Protecting right whales – a balanced plan for 2019

Fishers and scientists are on board with changes to the way the federal government will protect North Atlantic right whales in the 2019 season.

Fisheries and Oceans Minister Jonathan Wilkinson and Transport Minister Marc Garneau announced the changes in Shippagan last Thursday.

In 2017, twelve North Atlantic right whales (NARW) were found dead in Canadian waters, prompting a suite of new protection measures enacted in 2018. The global population is estimated to be at 411.

On the whole, most of the protective measures will stay in place, but some have been loosened based on data collected last season and in consultation with marine scientists and fisheries associations.

A balanced plan

The federal government’s comprehensive response to the right whale crisis proved successful — no North Atlantic right whales were killed in Canadian waters in 2018.

It didn’t come without a cost, however, as lobster and crab fishers in New Brunswick and along the Gulf of St. Lawrence struggled amid closures they argued were too rigid.

This year, the federal government sought a greater balance, and seems to have found it.

Confidence in habitat range

Aircraft under control of the government logged more than 2,075 hours tracking right whales last year. During the prime fishing season, 90 per cent of the species were sighted along an elongated north-to-south area near Caraquet, N.B.

The government announced it is therefore reducing the static closure to all non-tended fixed-gear fisheries to this area, a 63 per cent reduction from last year. With the government’s robust efforts in their collection of aerial surveys, marine scientists are confident the proposed change will ensure the whales’ survival.
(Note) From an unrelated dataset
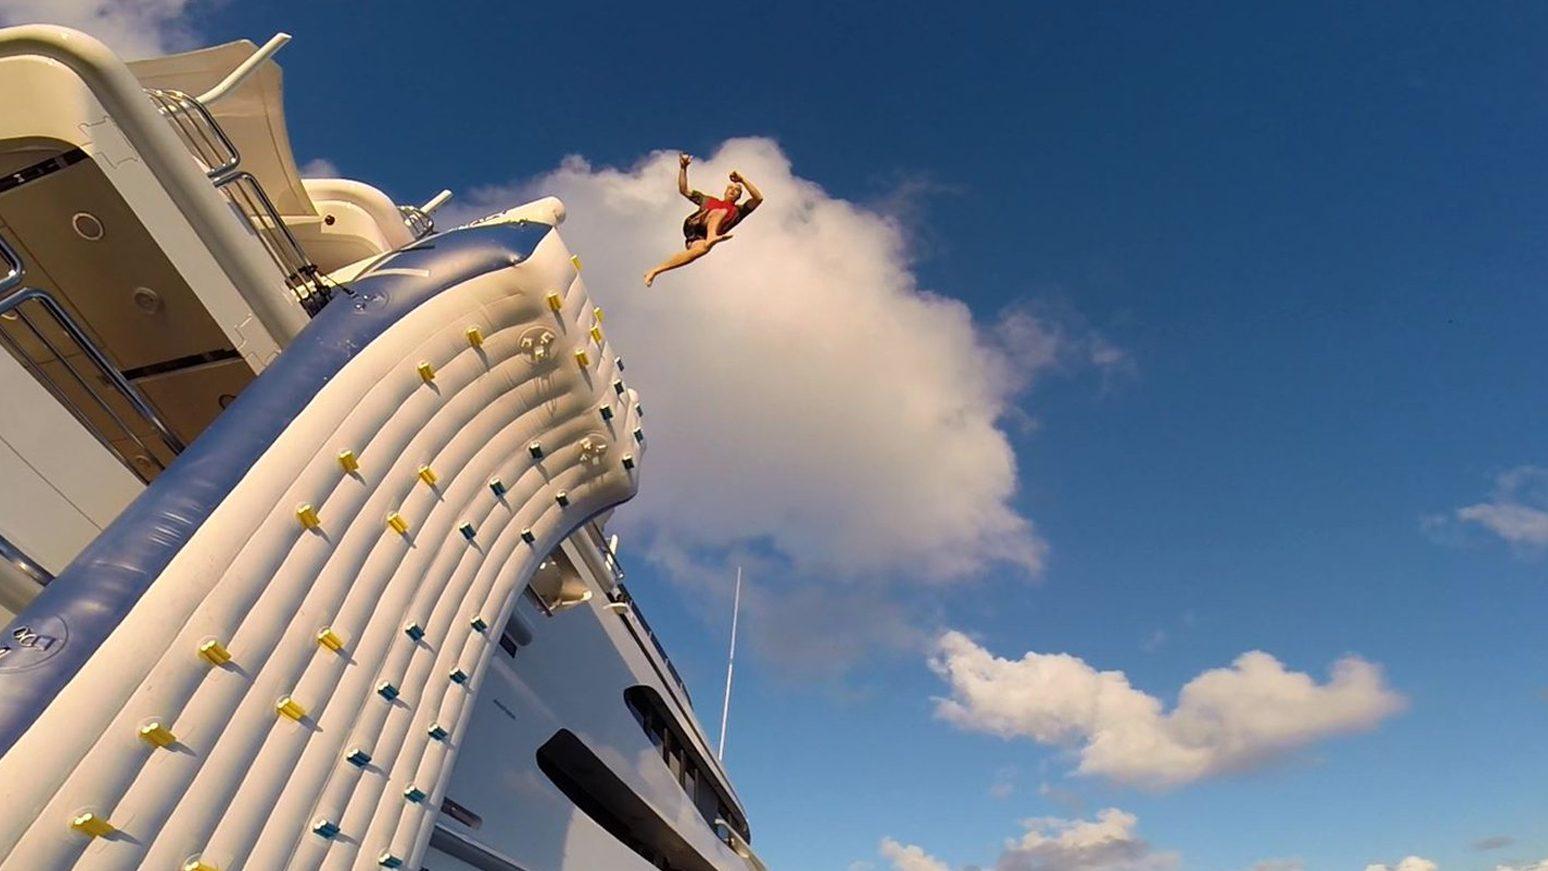 FunAir gallery climbing wall leap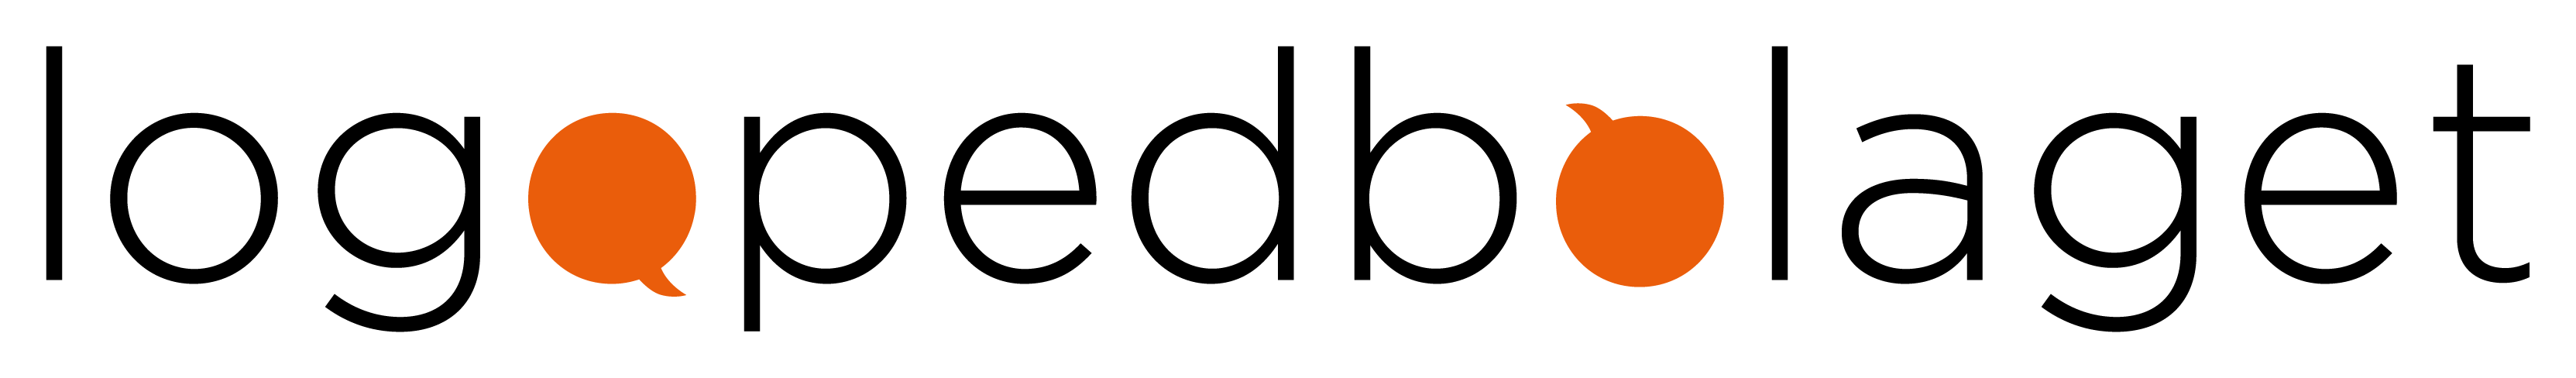 Logopedbolaget

Fishers, who had asked for loosened restrictions on fishing in shallower waters when whales are spotted in the gulf, are also applauding the changes. “We could live with that this year. It’s better than last year,” Rejean Comeau, the president of Local 1 of the Maritime Fishermen’s Union, told CBC News“We are happy.”

Réjean Comeau, president of Local 1 of the Maritimes Fishermen’s Union (Gabrielle Fahmy/CBC).

Changed and remaining measures
  • The remains of the original area of the static closure will be subject to 15-day closures following a sighting of one or more NARWs.
  • Waters shallower than 20 fathoms will not be subject to closure unless a NARW is spotted in waters that shallow. In such cases, 15-day closures will take place.
  • Re-introduction of the 10-knot speed limit of vessels 20 meters or longer travelling in the western Gulf of St. Lawrence starting April 28th.
  • Removal of speed restriction zone in the southeast corner around Magdalen islands.
  • Continued allowing of vessels to travel at regular, safe operation speeds in areas north and south of Anticosti island.
    • Vessels will however be allowed to travel at regular, safe operation speeds in a larger area north of Anticosti Island then last year to reduce impacts on the marine shipping industry.
    • A 15-day mandatory slowdown to 10 knots will be activated in the appropriate shipping lanes if an NARW is sighted.

(Fisheries and Oceans, Government of Canada)

Changes to help support the fishing and marine shipping industry were made in response to consultation with industry and was based off scientific data on whale presence.

The Government of Canada will also be supporting industry trials of fishing gear that minimizes or eliminates the chance of entanglement of whales.